We're not quite halfway to the Iowa caucuses, but after months of campaigning it's time to check in on how Barack Obama is faring in his audacious bid to win the White House.

First, the bad news. Since receiving an initial bump after officially announcing for president on Feb. 10, Obama has plateaued in the polls. At the end of February, Obama stood at 24.4 percent in the RealClearPolitics Average (an aggregation of all major national surveys available at that time) while his chief rival, Hillary Clinton, was leading at 35.2 percent.

Four months later -- after countless rallies, town hall meetings, and two televised debates -- Obama is at 22.3 percent. Clinton remains well ahead at 36 percent.

It's much the same story in the early primary states.
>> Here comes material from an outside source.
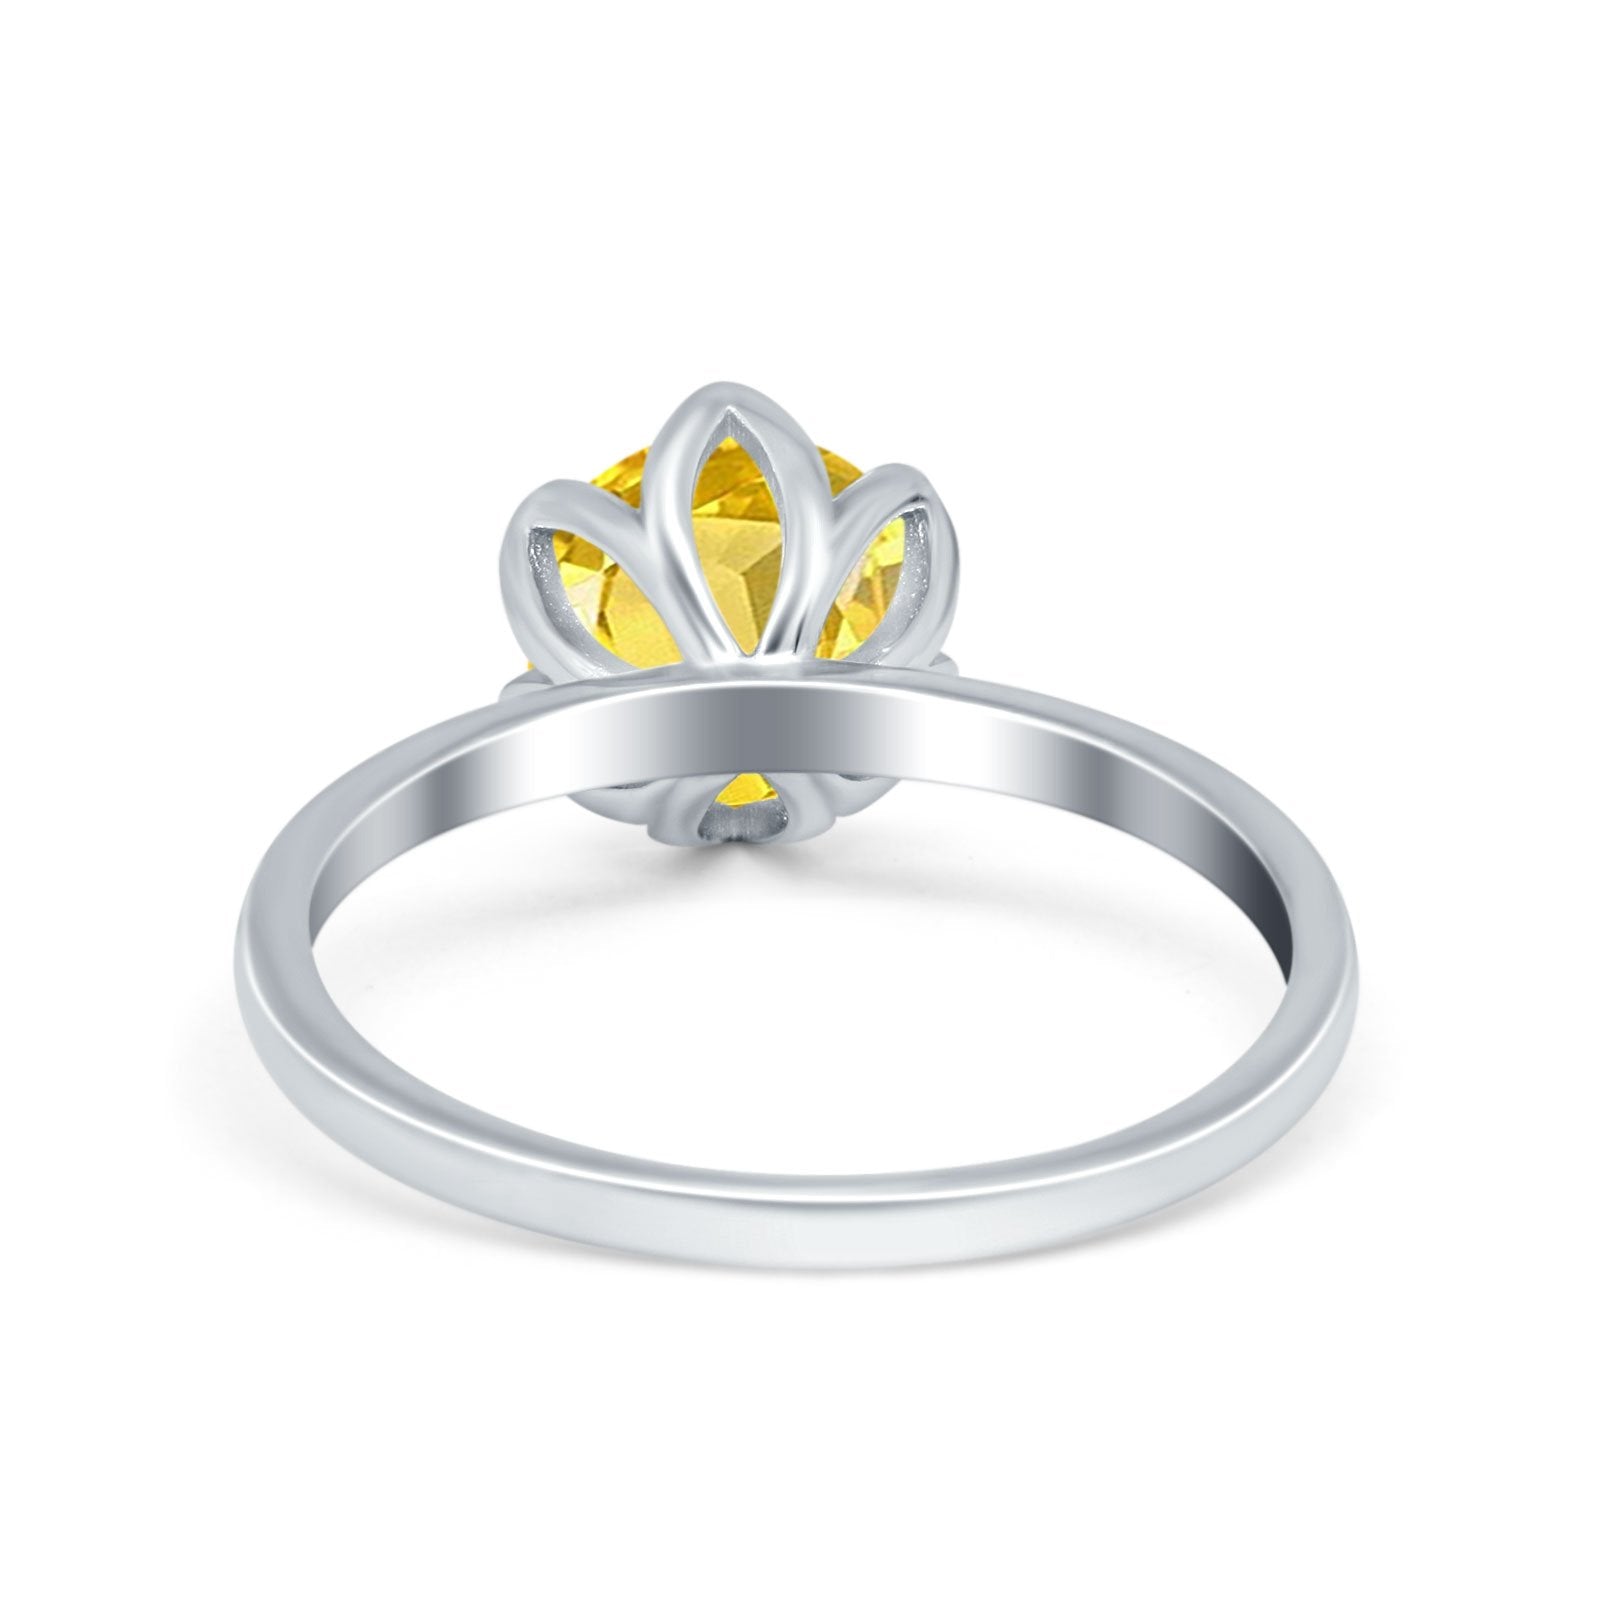 Flower Solitaire Wedding Ring Simulated Cubic Zirconia 925 Sterling Silver

Obama is stuck in third place in Iowa and a distant second to Clinton in New Hampshire, Florida and South Carolina.

More bad news: Obama continues to struggle with questions about whether or not he's up to the job. The issue of experience has been a vulnerability from the start, but Obama may have made things worse by fumbling a question in the first Democratic debate about responding to a terrorist attack against the United States.

Forget al-Qaida, Obama has to prove to liberals he's tough enough to take on his Democratic primary opponents, let alone a Republican challenger. Otherwise, Maureen Dowd's "Obambi" moniker might just stick -- and that's the kind of thing that can damage a campaign.
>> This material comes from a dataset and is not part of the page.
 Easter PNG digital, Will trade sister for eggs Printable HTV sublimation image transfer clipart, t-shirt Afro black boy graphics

Now to the good news. For starters, Obama continues to rake in oodles of cash. In the first three months of 2007, Obama raised an astonishing $25 million, just slightly less than Hillary Clinton's vaunted money machine. The second quarter ends in just two weeks and rumors are already circulating that Obama will again come close to matching -- or perhaps even beating -- Clinton's fund-raising total.

More good news: Obama remains extremely likeable. He has the highest favorable rating of any Democratic candidate in the race by far. Better yet, Obama still has room for improvement, since most polls show a decent chunk of people remain either undecided in their opinion of him or haven't heard of him at all.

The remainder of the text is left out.